Health care in Poland is insurance based, delivered through a publicly funded health care system called the Narodowy Fundusz Zdrowia, which is free for all the citizens of Poland provided they fall into the "insured" category (usually meaning that they have health insurance paid for by their employer, or are the spouse or child of an insured person).  According to Article 68 of the Polish Constitution everyone has a right to have access to health care. Citizens are granted equal access to the publicly funded healthcare system. In particular, the government is obliged to provide free health care to young children, pregnant women, disabled people, and the elderly. However, private healthcare use is very extensive in Poland. Patients who are uninsured have to pay the full cost of medical services. According to a study conducted by CBOS in 2016, out of 84% patients taking part in the survey, 40% declared use of both private and public health services, 37% use only public health care, and 7% use only private health services. 77% of all responders declared using private health care is caused by long waiting for public health care services.

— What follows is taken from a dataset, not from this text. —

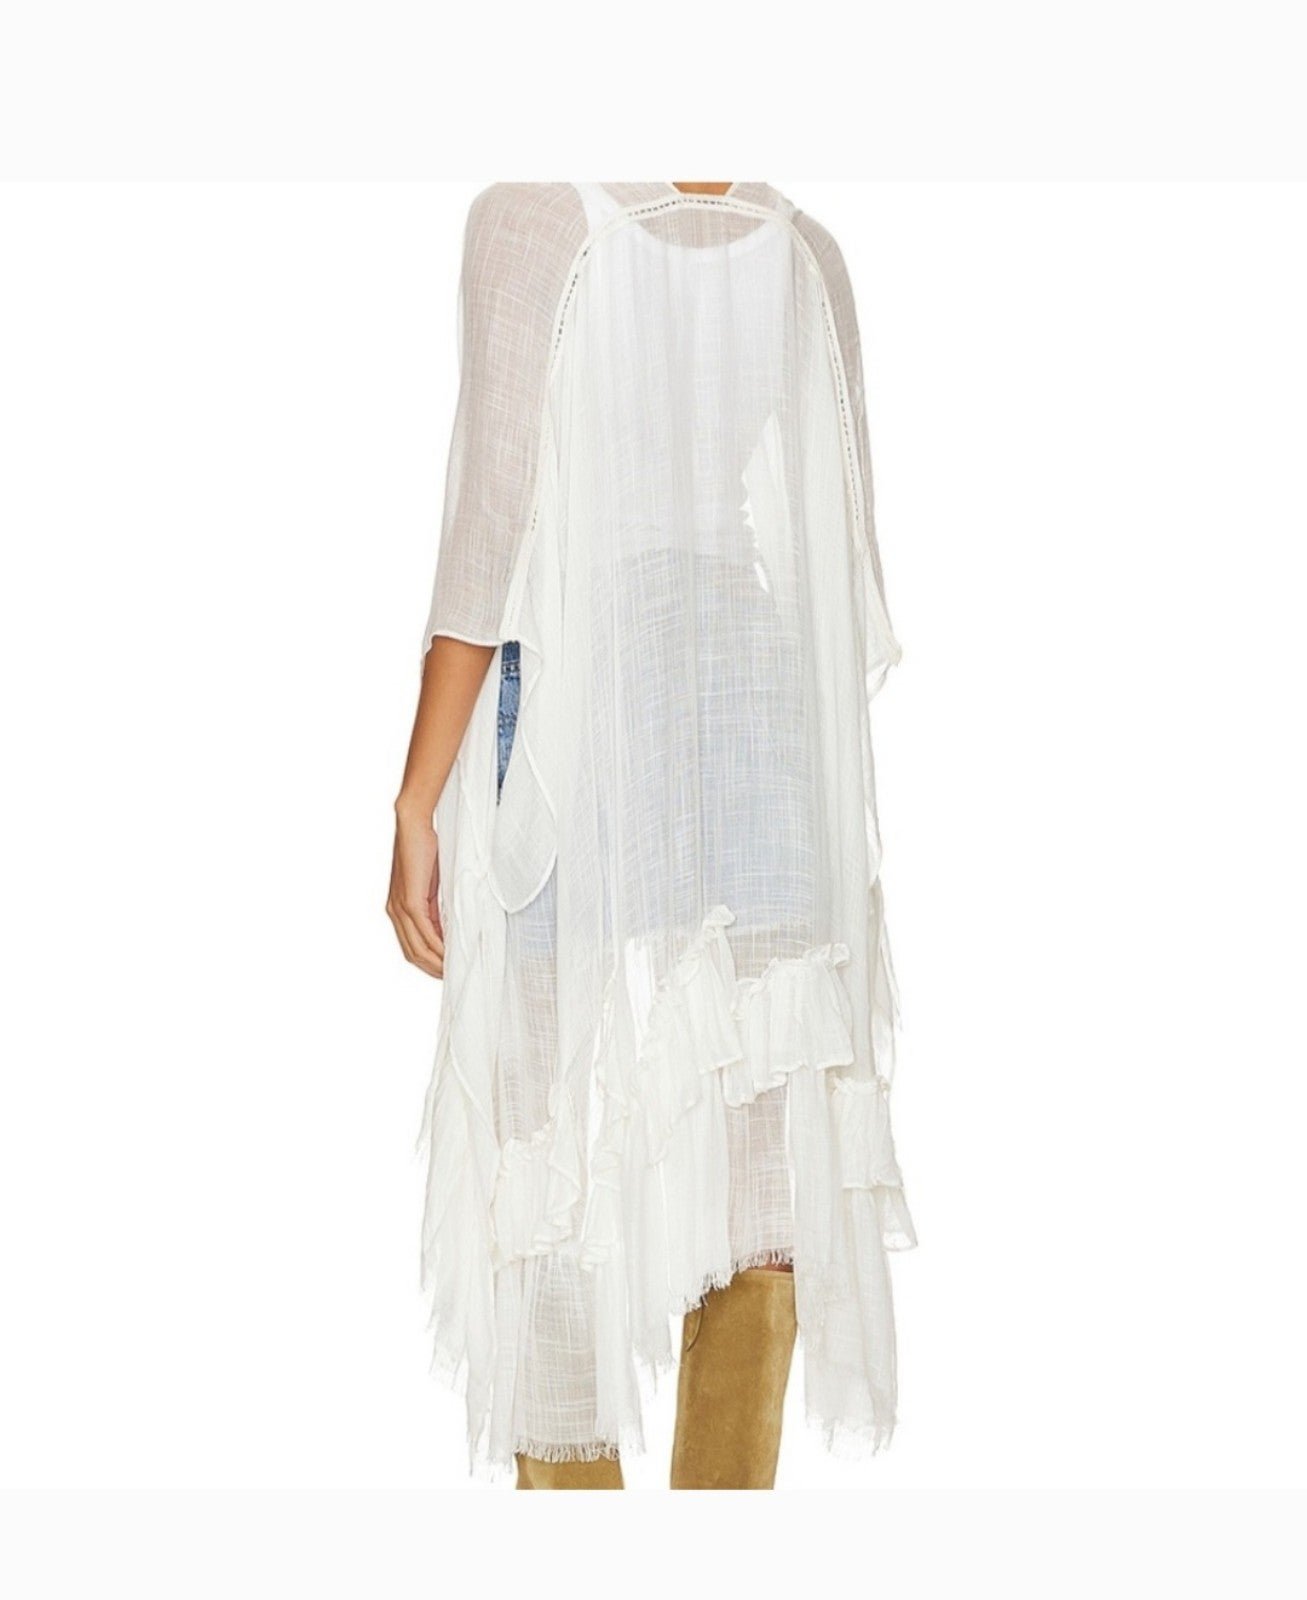 Latest  Free People Whisper Washed White Kimono Wrap In One Size Fits Most NWT Gxtj6z29O Cheap

Financing and health expenses
The main financing source is health insurance in the National Health Fund. Citizens are obligated to pay insurance fees (redistributed tax) which is 9% deducted from personal income (7,75% is deducted from the tax, 1,25% covered by insured goes directly to the National Health Fund).  
The national budget covers around 5% of all health care expenses. Since 2007 emergency rescue services are financed in total from the national budget.
About 70% of health expenses in Poland are covered by the National Health Fund, with the remaining 30% coming from private health insurance.

Structure
The management of the public health system is divided between the Minister of Health and three levels of territorial self-government. It has been suggested that this delays response to problems.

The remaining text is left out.